The Cisco Effect

Aug 08 2001

The lackluster fourth-quarter earnings report Cisco put out Tuesday evening has done little to motivate technology investors Wednesday morning. Nor is there much other news on the business or economic front to motivate traders.

Both major indexes started lower and inched higher as the morning wore on. As of 11:30 a.m. EDT, the Nasdaq gained 7.92, or 0.4 percent, to 2035.71. The Dow Jones Industrial Average was off just 2.42, or 0.02 percent, to 10456.32. The sweltering dog days of August have kept market daredevils - and almost everyone else - on the sidelines during the past few days.

The Standard & Poor's 500 gained 0.41, or 0.03 percent, to 1204.81. And The Industry Standard 100 dipped 1.23, or 0.35 percent, to 349.39.

Tech investors, now keyed to macroeconomic data, may turn for insight to Wednesday's afternoon's release of the Beige Book, which relates anecdotal accounts of economic conditions in Federal Reserve districts. Wednesday morning's wholesale trade figures for June - sales down slightly and inventories up a bit - provided no earth-shattering revelations. And Cisco's report and next week's Applied Materials report will just about max-out earnings calls for the season.

And just in time. Router maker and tech bellwether Cisco didn't have much to reveal on its Tuesday call. The company met estimates, reporting in-line earnings and revenue at the low end of guidance. CEO John Chambers did say that it would be tough for the company to meet current growth targets. Cisco fell 46 cents, or 2.4 percent, to $18.80. Cisco competitor Juniper Networks lost $1.20, or 4.6 percent, to $24.70.

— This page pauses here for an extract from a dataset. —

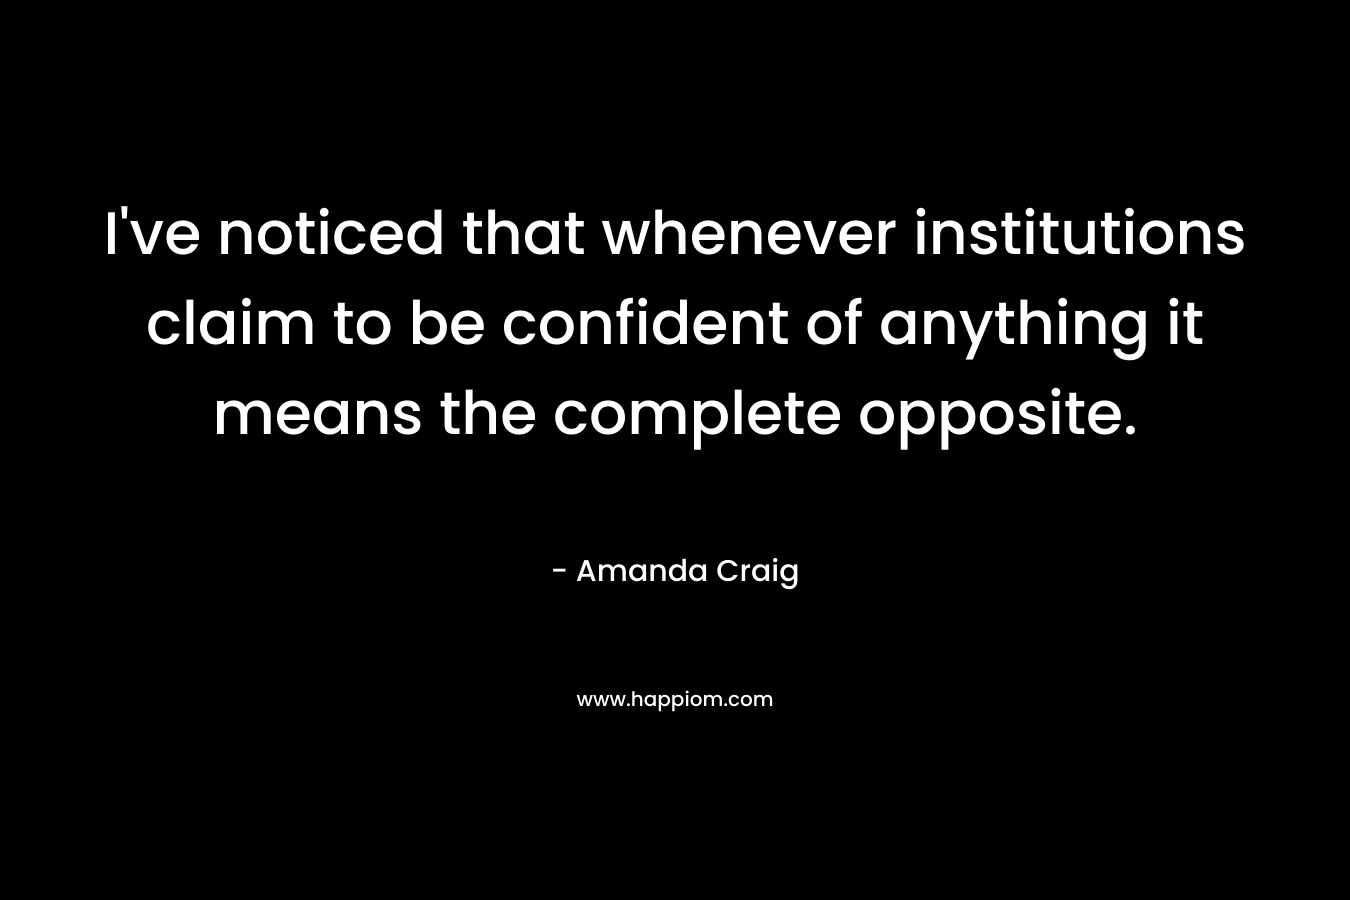 I’ve noticed that whenever institutions claim to be confident of anything it means the complete opposite. – Amanda Craig

Cisco suppliers such as BroadCom and Vitesse were up nearly 2 percent, though, as Cisco's balance sheet showed inventories continuing to drop. That's good news for any company that sells or manufactures for Cisco. Contract manufacturers Solectron and Flextronics inched higher.

In the non-Cisco world, Microsoft gained 65 cents, or 1 percent, to $67, stoked slightly by the company's appeal to the Supreme Court to overturn the lower court's antitrust rulings. Microsoft argued that the appeals court, which overturned certain district court positions, should have thrown out the entire case. Mr. Softie's delaying tactics could make basketball coach Dean Smith - creator of the famous "four corners" offense - jealous.

Competitors Oracle and Sun Microsystems were also up, but not because of Microsoft. Oracle jumped 21 cents, or 1.2 percent, to $17.45. Sun gained 77 cents, or 4.5 percent, to $17.85 after announcing a joint marketing and distribution deal with current business partner Hitachi.

TMP Worldwide, owner of the Monster.com job board, gained $4.48, or 9.1 percent, to $53.90. The company beat analysts' estimates and its own guidance for the second quarter on the incredible growth of its Monster business unit. Its mainstream lines of business - executive search and advertising - actually dipped in year-over-year comparisons.

In other action, Web host Exodus Communications has risen 61 cents, or 29.6 percent, to $2.67. The struggling company's stock is up more than 150 percent in the past few weeks as rumors swirl about financing and takeover prospects. Siebel Systems lost 5.7 percent on a cautious note from Bank of America. BEA Systems dipped 5.6 percent on lowered estimates out of Prudential. Ariba gained 7 percent.

PMC-Sierra gained 4.4 percent to $38.04, rallying with other Cisco suppliers.

On the Big Board, Cisco competitors Lucent and Nortel diverged; Lucent dipped 1 percent as Nortel gained 0.6 percent. EMC, Nokia and AT&T Wireless were all weak. Micron Technology and Motorola were both higher as Texas Instruments dragged.